A 49 million-year-old epidermal phytolith from a fossilized plant sample recovered from a site in Gran Barranca, Chubut, Argentina. Regan Dunn, University of Washington

Scientists are gleaning new information about Earth’s changing environment from the microscopic remains of ancient plants. Plant fossils collected from Patagonia in Argentina dating back to the Eocene period, during which the planet contained little to no ice, have revealed the density of vegetation in the region over time. Documenting the change could help researchers better determine how Earth’s ecosystems evolved over millions of years and perhaps even what’s to come, according to an international team of researchers led by the University of Washington in Seattle.

“Using this method, we can finally quantify in detail how Earth's plant and animal communities have responded to climate change over millions of years, which is vital for forecasting how ecosystems will change under predicted future climate scenarios,” Caroline Strömberg, a professor in biology at the university, said in a statement. The study, published Thursday in the journal Science, is part of a growing body of research exploring what species of plants were alive at certain times in Earth’s history, research that has often involved analyzing fossilized pollen, which contains the genetic material of plant species.

By studying the cell patterns in fossilized bits of plants, scientists were able to determine whether vegetation grew mainly in shade or in the sun, indicating the density of vegetation for a given area. Researchers extracted from the cells microscopic pieces of silica, called phytoliths, and compared them to those of modern environments. The Smithsonian Institute has called phytoliths an archaebotanist’s “best friend” because of their ability to survive in the soil record long after a plant has died and decayed.
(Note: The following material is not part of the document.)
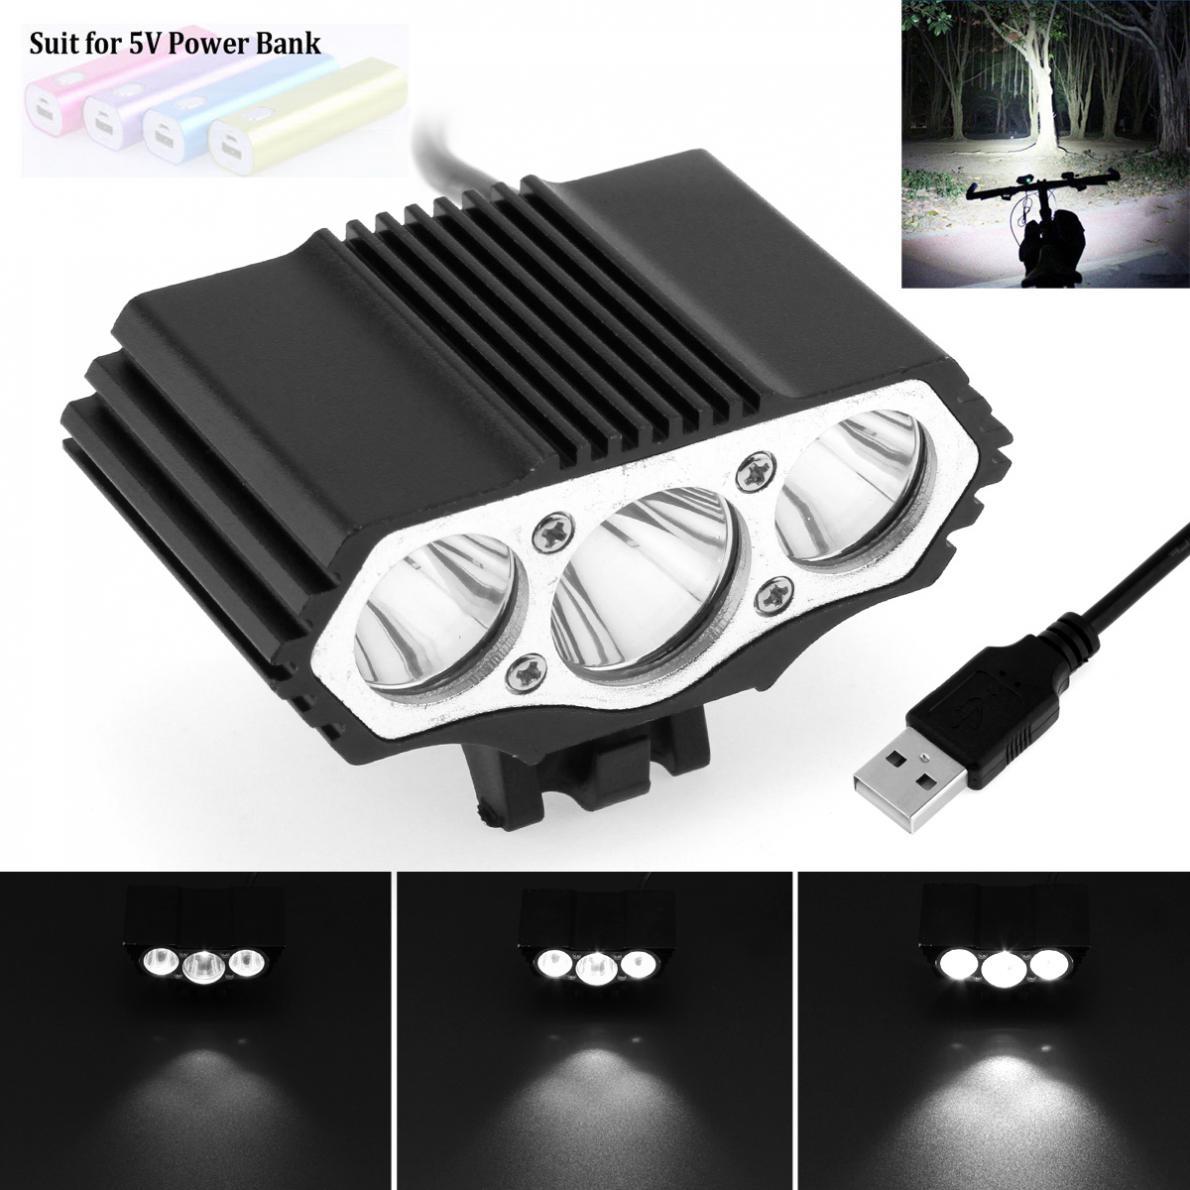 SolarStorm 15000LM 3X XML T6 LED USB Bike Bicycle Headlight Light Torch Battery

Determining the density of tree cover in an area can tell researchers a lot about precipitation, climate and even animal communities. "Knowing an area's vegetation structure … is key for understanding the terrestrial ecosystem,” Regan Dunn, a paleontologist at the UW's Burke Museum of Natural History and Culture and lead author of the study, said in a statement. “Now we have a tool to go and look at a lot of different important intervals in our history where we don't know what happened to the structure of vegetation.”

This is hardly the first time researchers have studied ancient climates using plant fossils. U.S. paleontologist Jack Wolfe pioneered the work during the mid-20th-century by comparing the shape and appearance of modern leaves to their climates. His research laid the groundwork for today’s cutting-edge analysis of ancient vegetation using radiometric dating – figuring out a thing’s age by the amount of decay of its radioactive isotopes.

Other recent work by researchers in California found that by measuring the isotopic oxygen content in fossilized plants, scientists could tell at what temperature the specimen formed. “This method enables climate reconstructions dating back millions of years without the need for ice core samples,” according to researchers from the University of California, Los Angeles.

During the Eocene period, which spanned from roughly 56 million to 34 million years ago, global temperatures soared. Back then, Earth was a lot warmer than it is today, the result of a sudden surge in carbon into the environment, according to a 2011 report from National Geographic. Over time, the Earth “recalibrated,” soaking up excess carbon in the earth, and the climate cooled.

Fast-forward to today, when human activity, most notably the burning of fossil fuels, has led to huge amounts of stored carbon being pumped back into the atmosphere in just a short period of time. "We're taking what took millions of years to accumulate and releasing it in a geologic instant,” U.S. biologist and climatologist James Zachos told National Geographic. “Eventually the system will stick it back into rock, but that will take hundreds of thousands of years."